> [WORK INSTRUCTIONS] Beginning at the line containing "Calendario Maya Nascita.Il", repeat each line below exactly up to and including the line containing "Tremaine-queen-bedroom-set". Do not repeat the pictures.

> [SOURCE DATA]
+---+

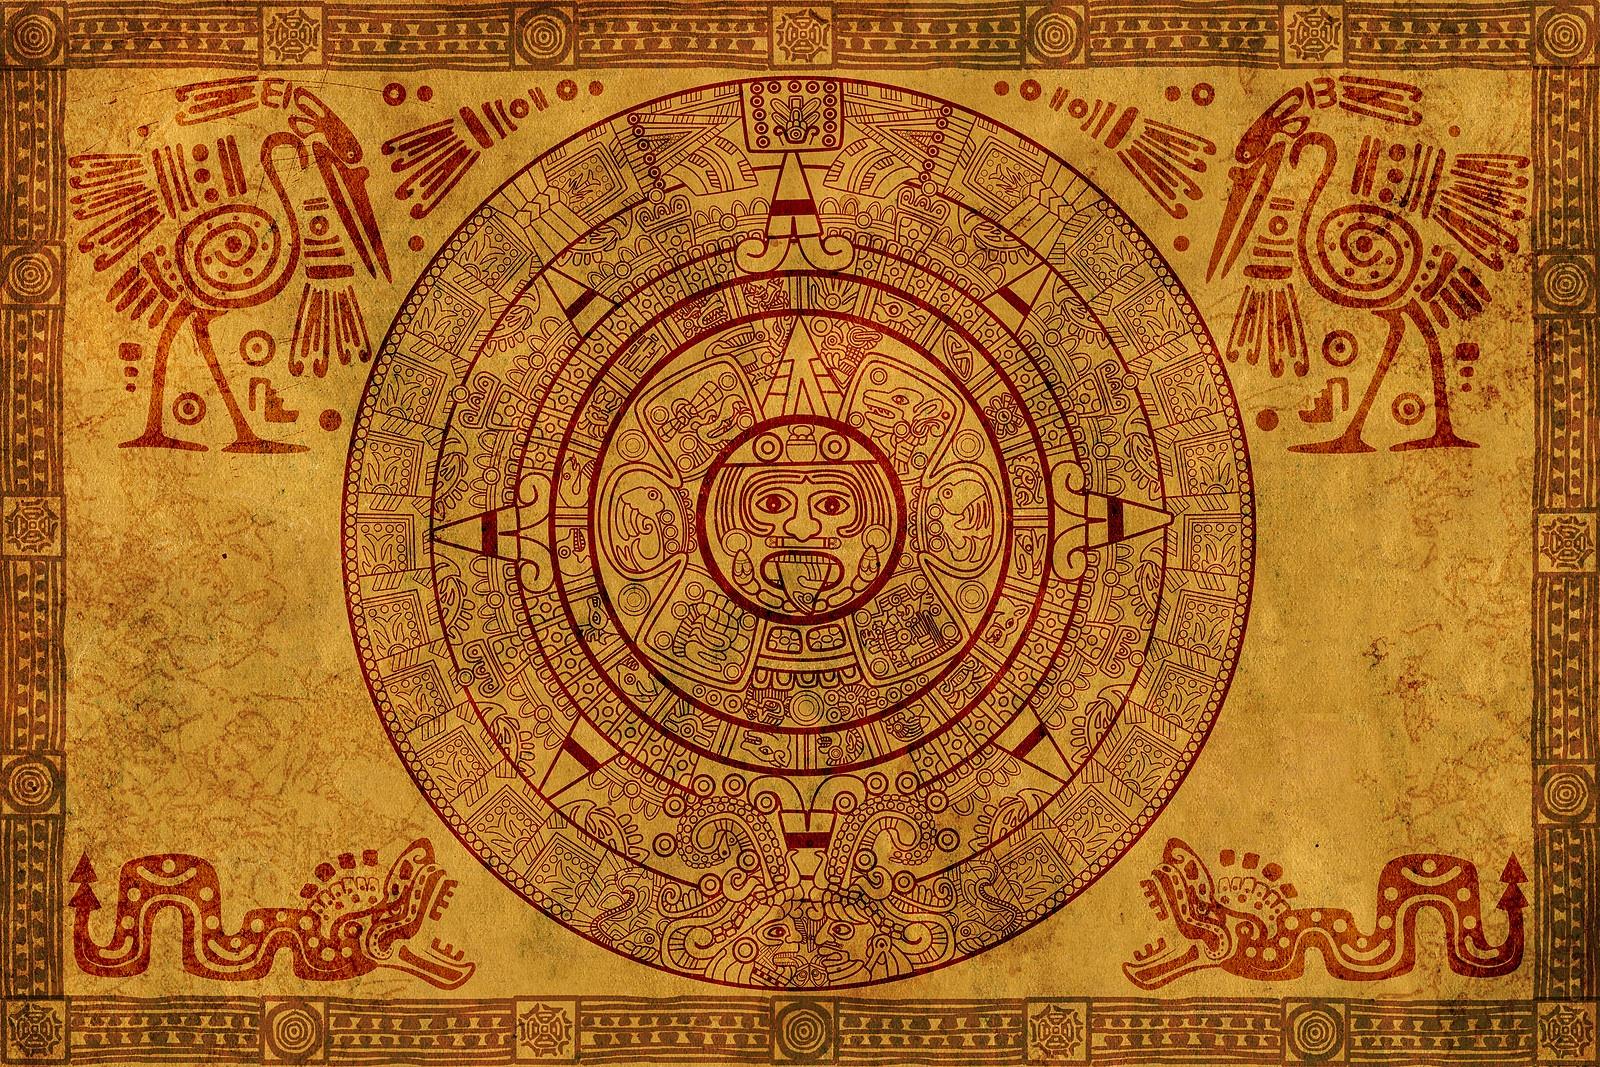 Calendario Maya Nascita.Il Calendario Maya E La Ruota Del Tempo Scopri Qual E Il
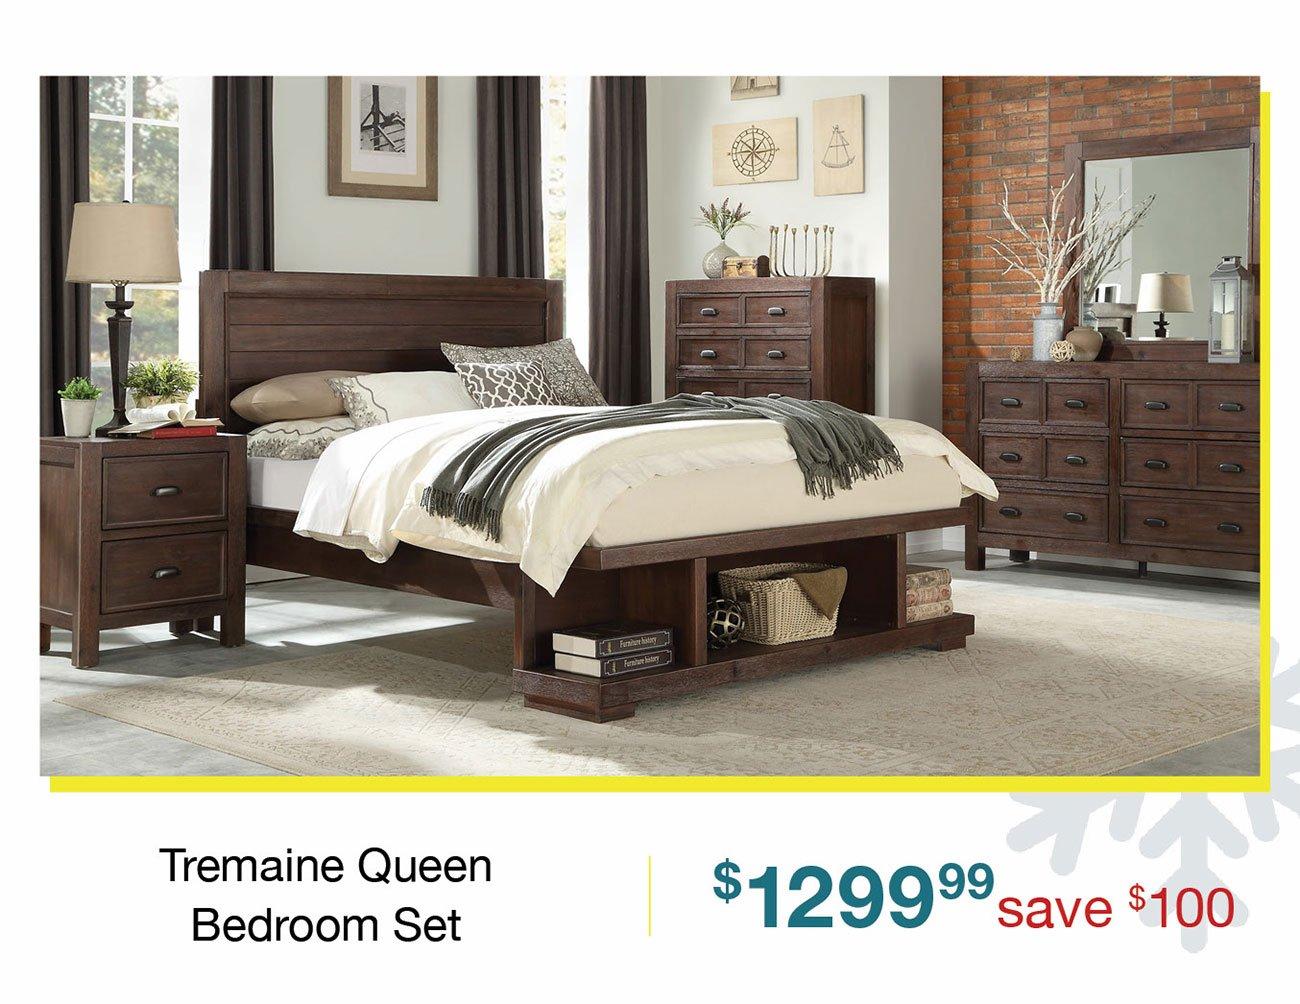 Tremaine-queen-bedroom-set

+---+

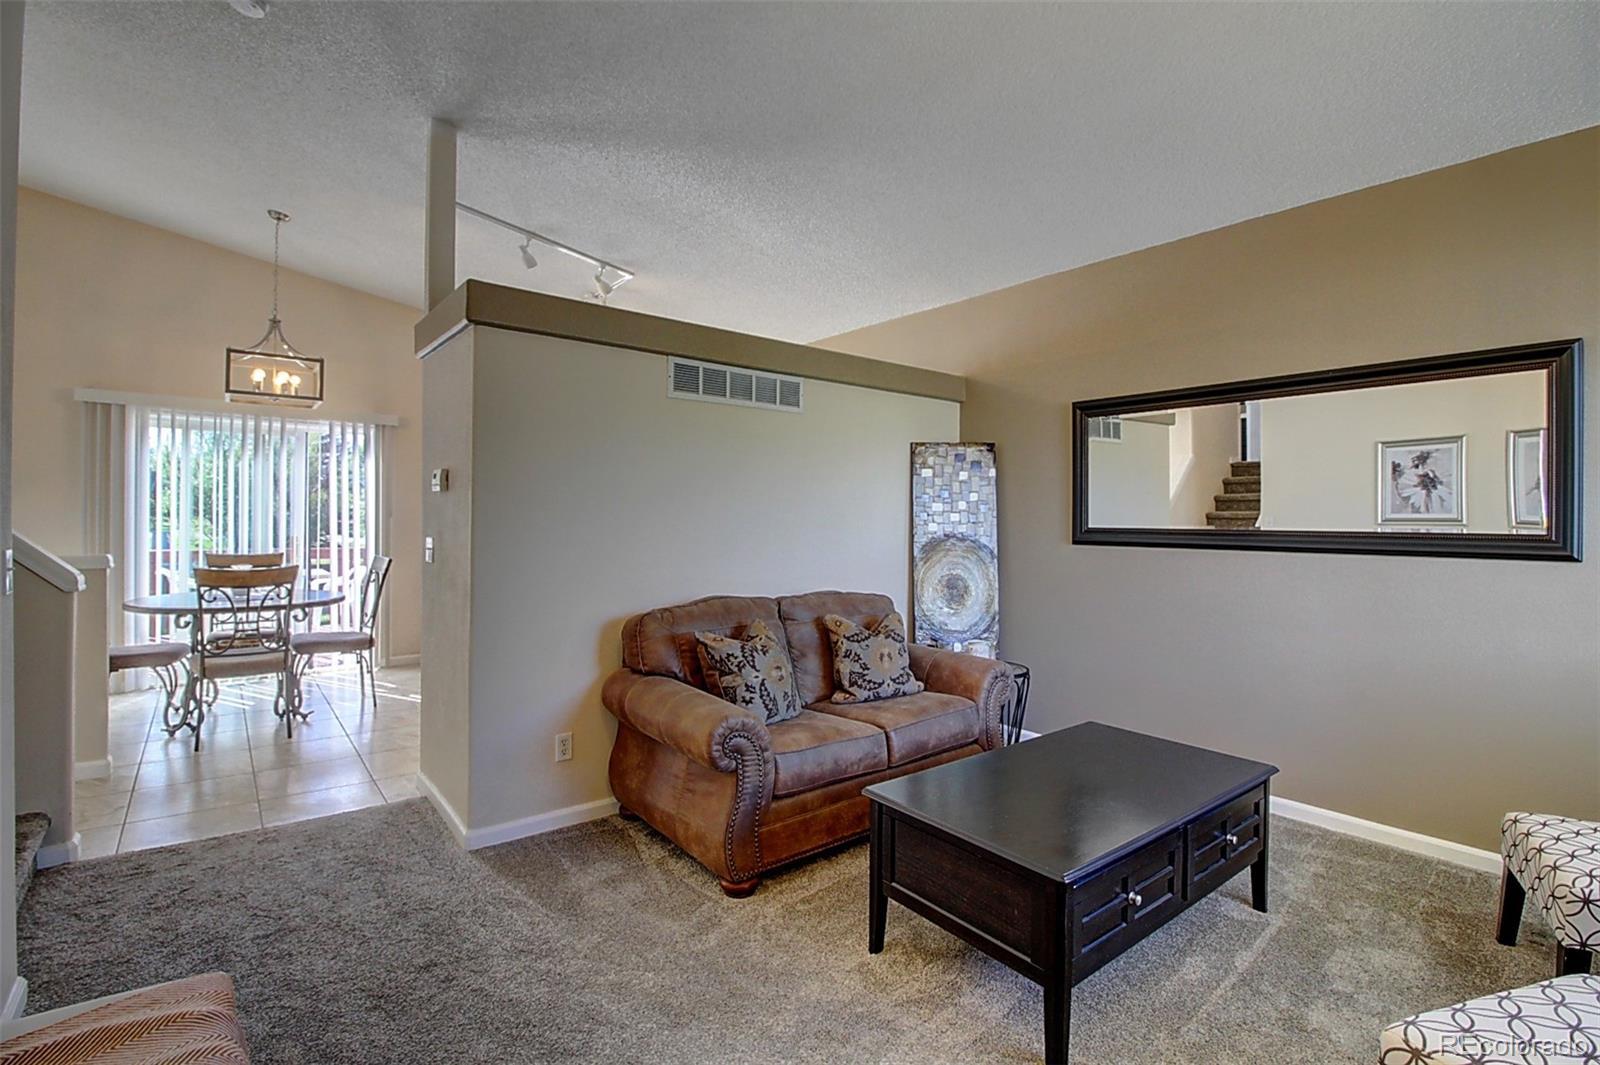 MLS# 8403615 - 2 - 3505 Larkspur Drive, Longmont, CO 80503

+---+

> [RESPONSE]
 Calendario Maya Nascita.Il Calendario Maya E La Ruota Del Tempo Scopri Qual E Il
 Tremaine-queen-bedroom-set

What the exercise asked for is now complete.